» Exercise:
Nothing outside the range is to be copied. From the entries below, reproduce exactly the lines starting at the one with "Zestaw szczoteczek do" and ending at the one with "Мужские яйца цена", without pictures.

» Record extracts:
* * *

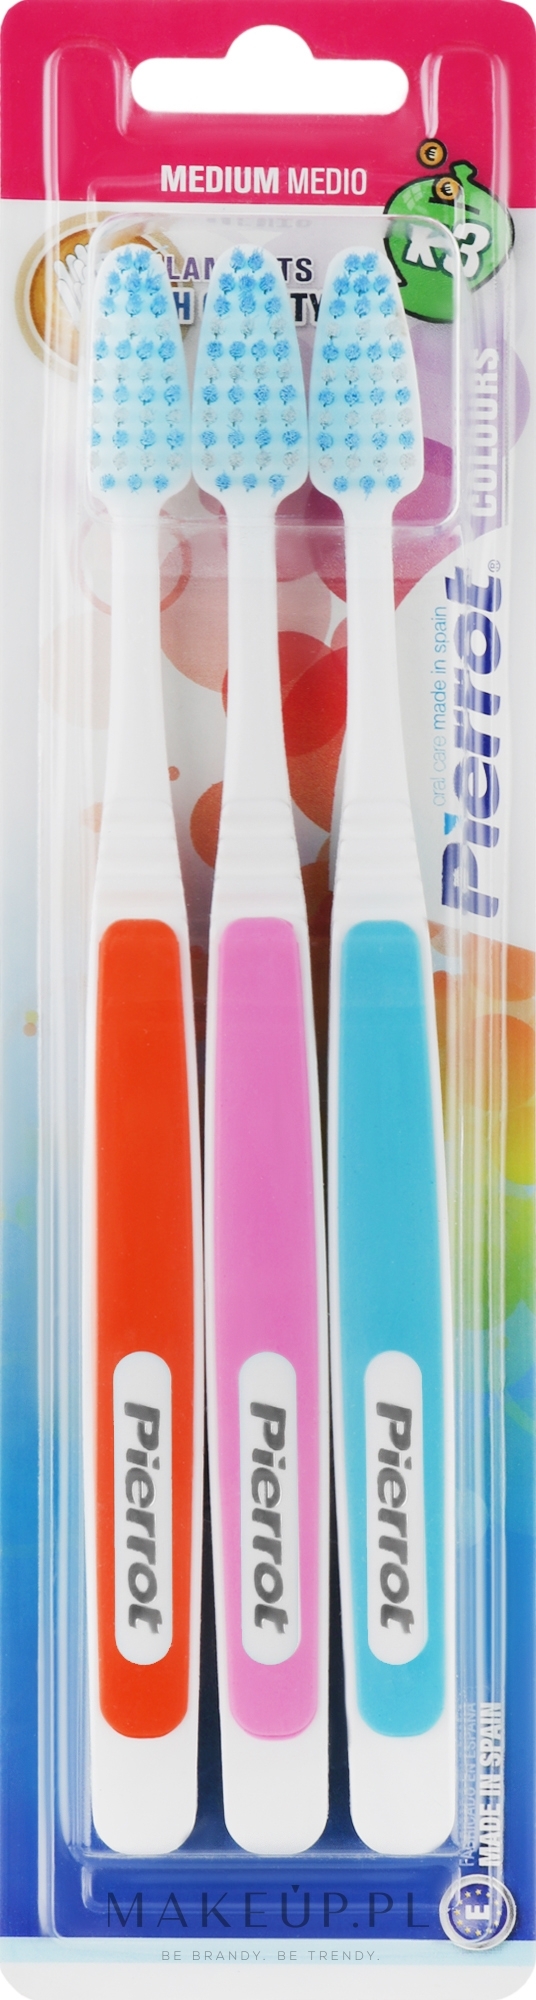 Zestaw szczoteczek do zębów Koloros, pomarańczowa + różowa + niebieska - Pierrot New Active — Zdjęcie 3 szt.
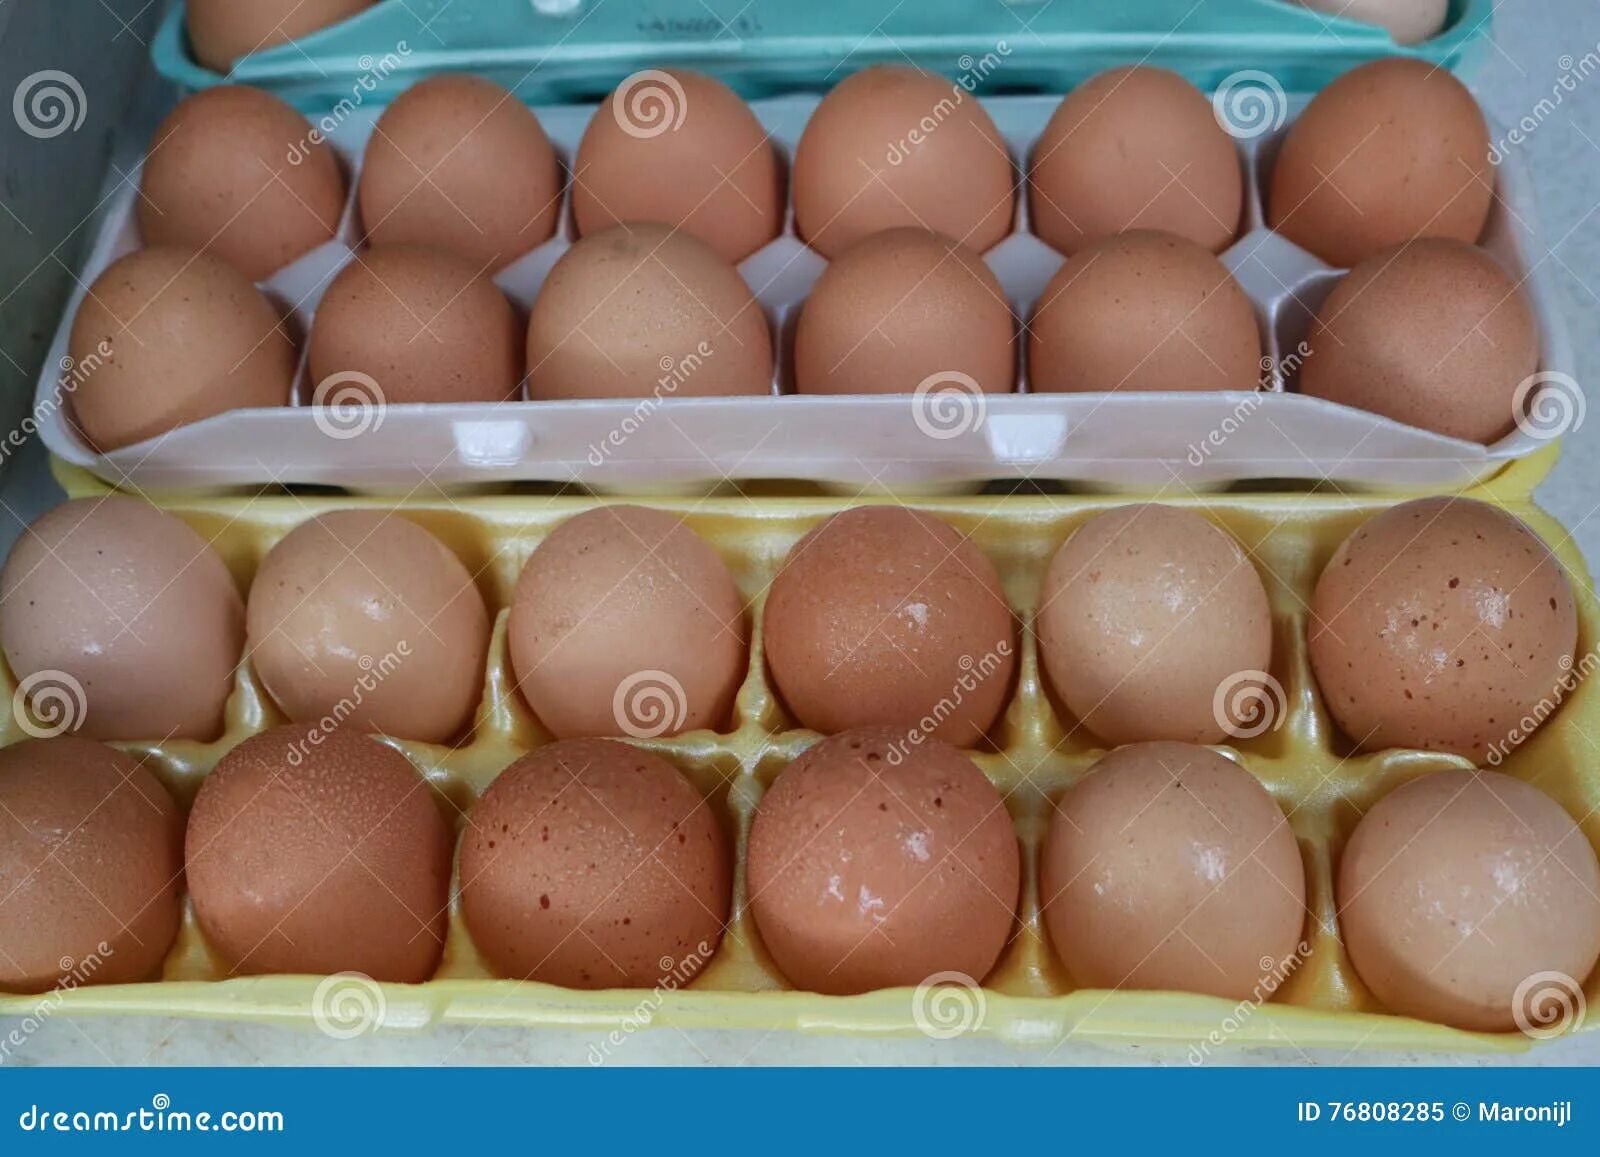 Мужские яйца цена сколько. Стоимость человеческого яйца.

* * *

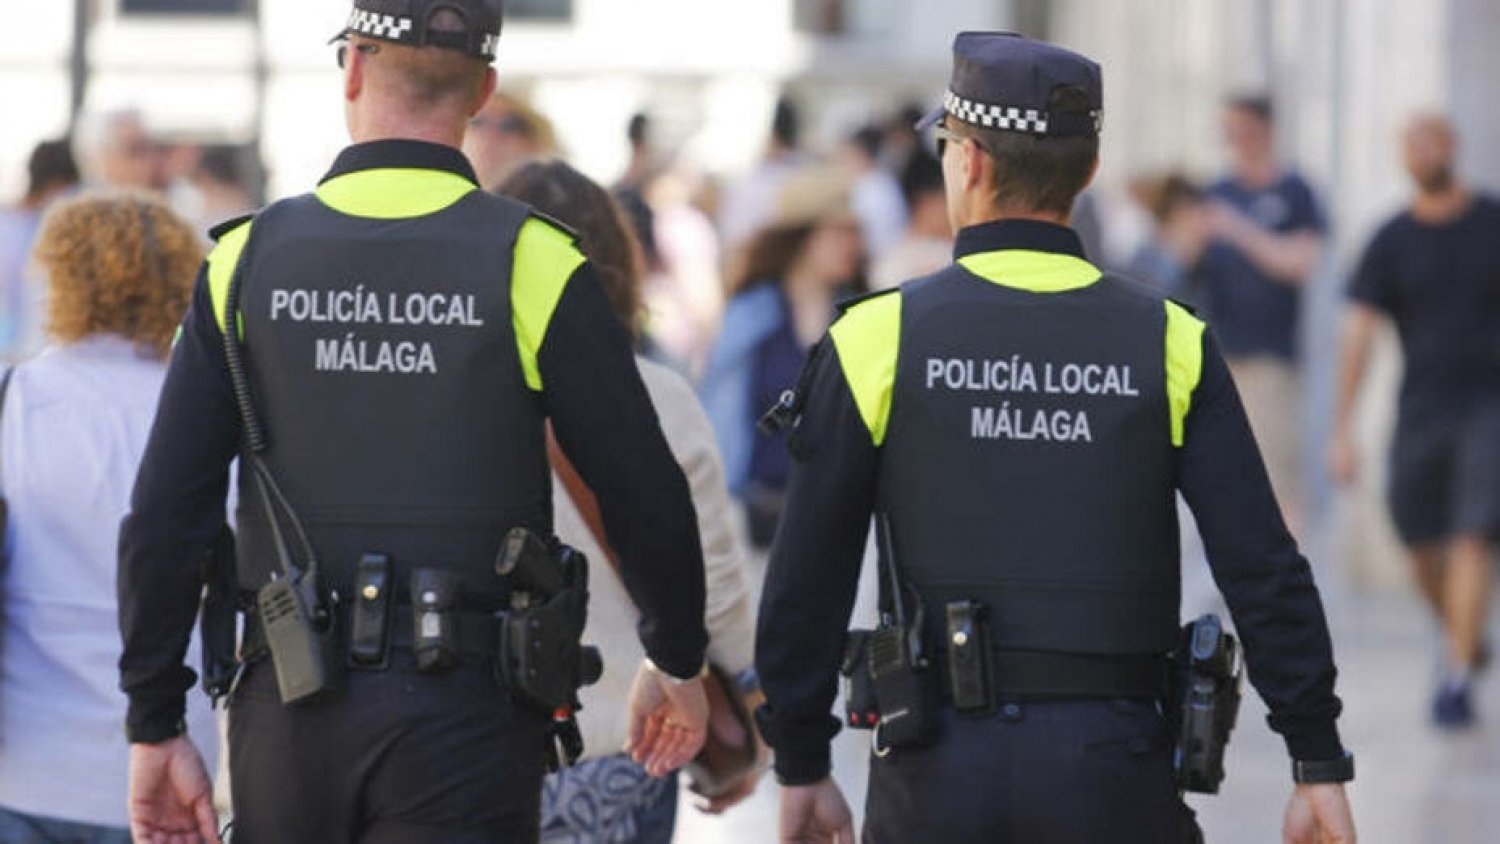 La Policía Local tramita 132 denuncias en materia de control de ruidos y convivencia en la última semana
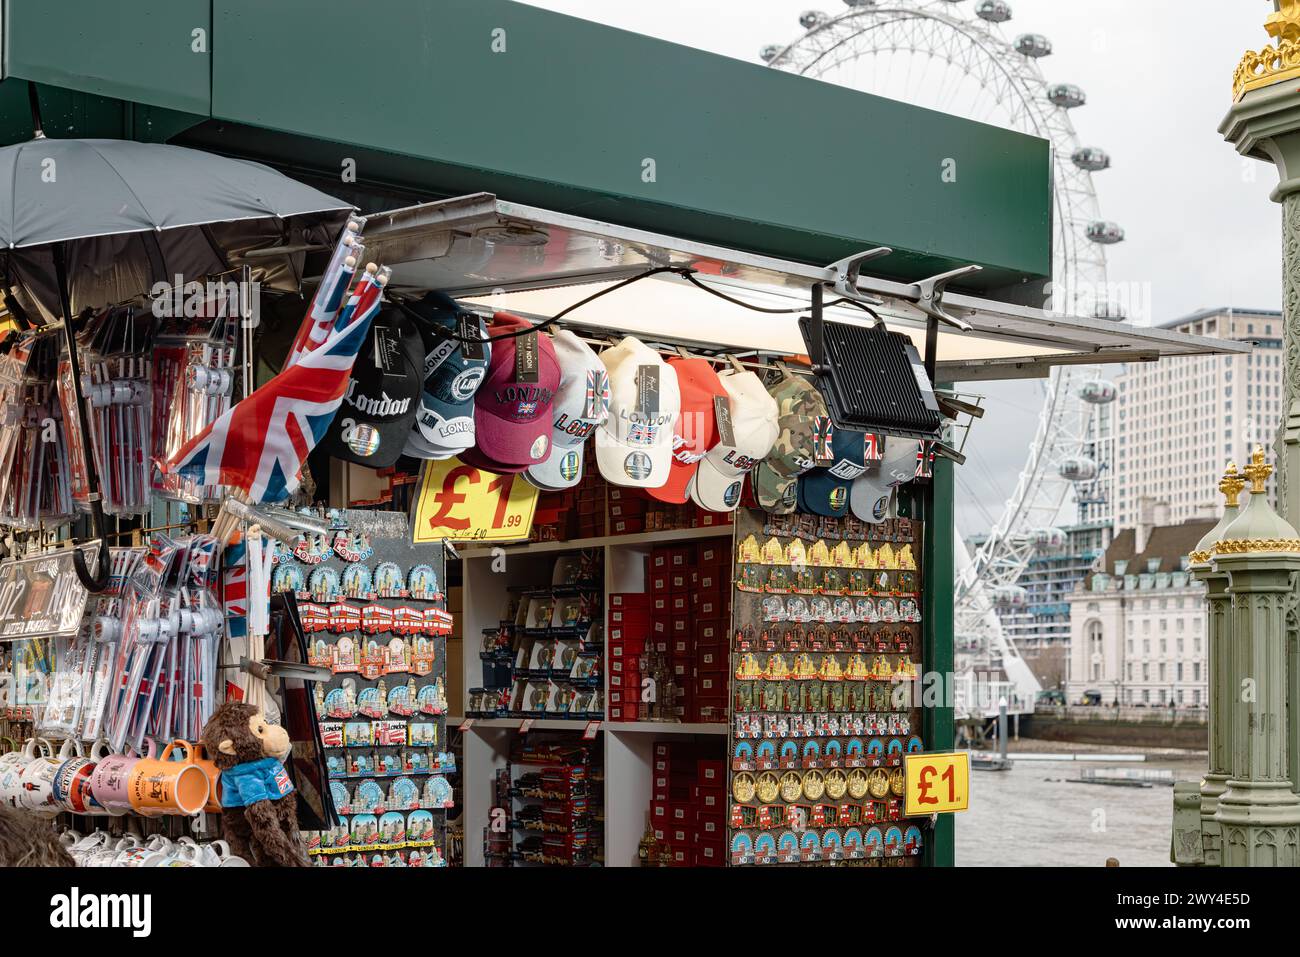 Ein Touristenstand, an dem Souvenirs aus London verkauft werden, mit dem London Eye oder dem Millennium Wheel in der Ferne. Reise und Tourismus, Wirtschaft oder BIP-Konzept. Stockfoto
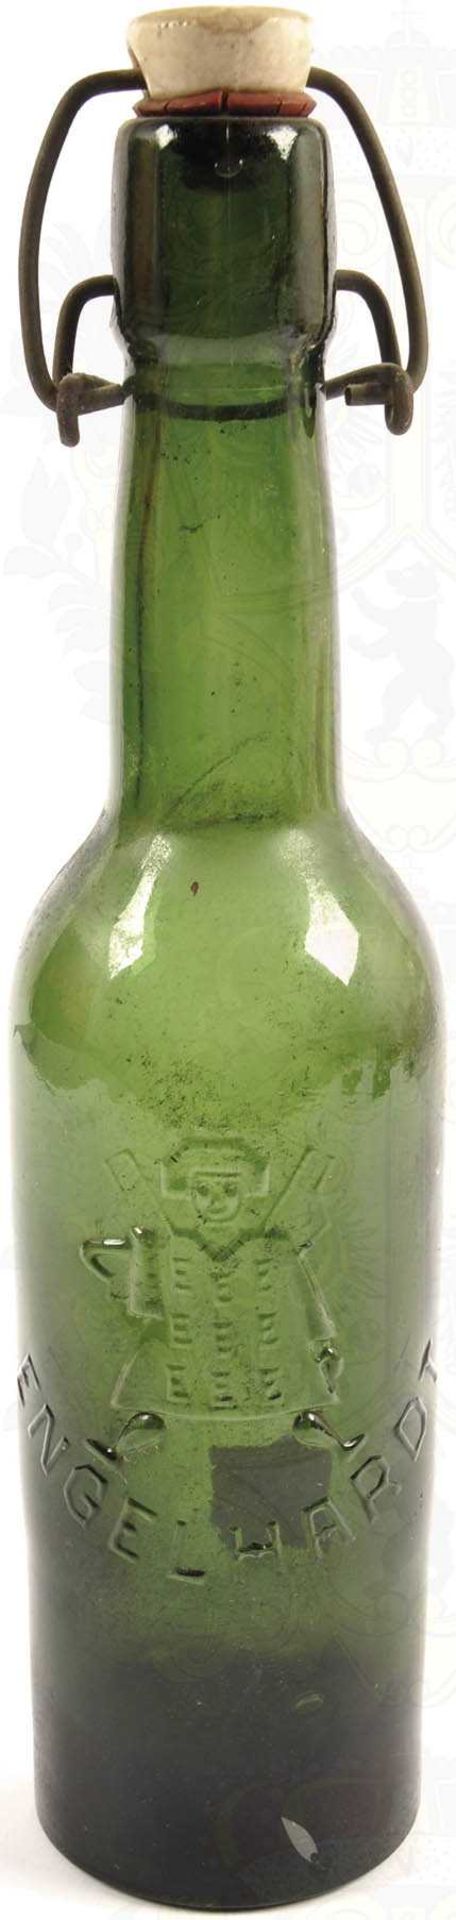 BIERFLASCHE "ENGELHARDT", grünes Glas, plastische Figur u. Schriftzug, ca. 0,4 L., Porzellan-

* * *

» Task solution:
 Zestaw szczoteczek do zębów Koloros, pomarańczowa + różowa + niebieska - Pierrot New Active — Zdjęcie 3 szt.
 Мужские яйца цена сколько. Стоимость человеческого яйца.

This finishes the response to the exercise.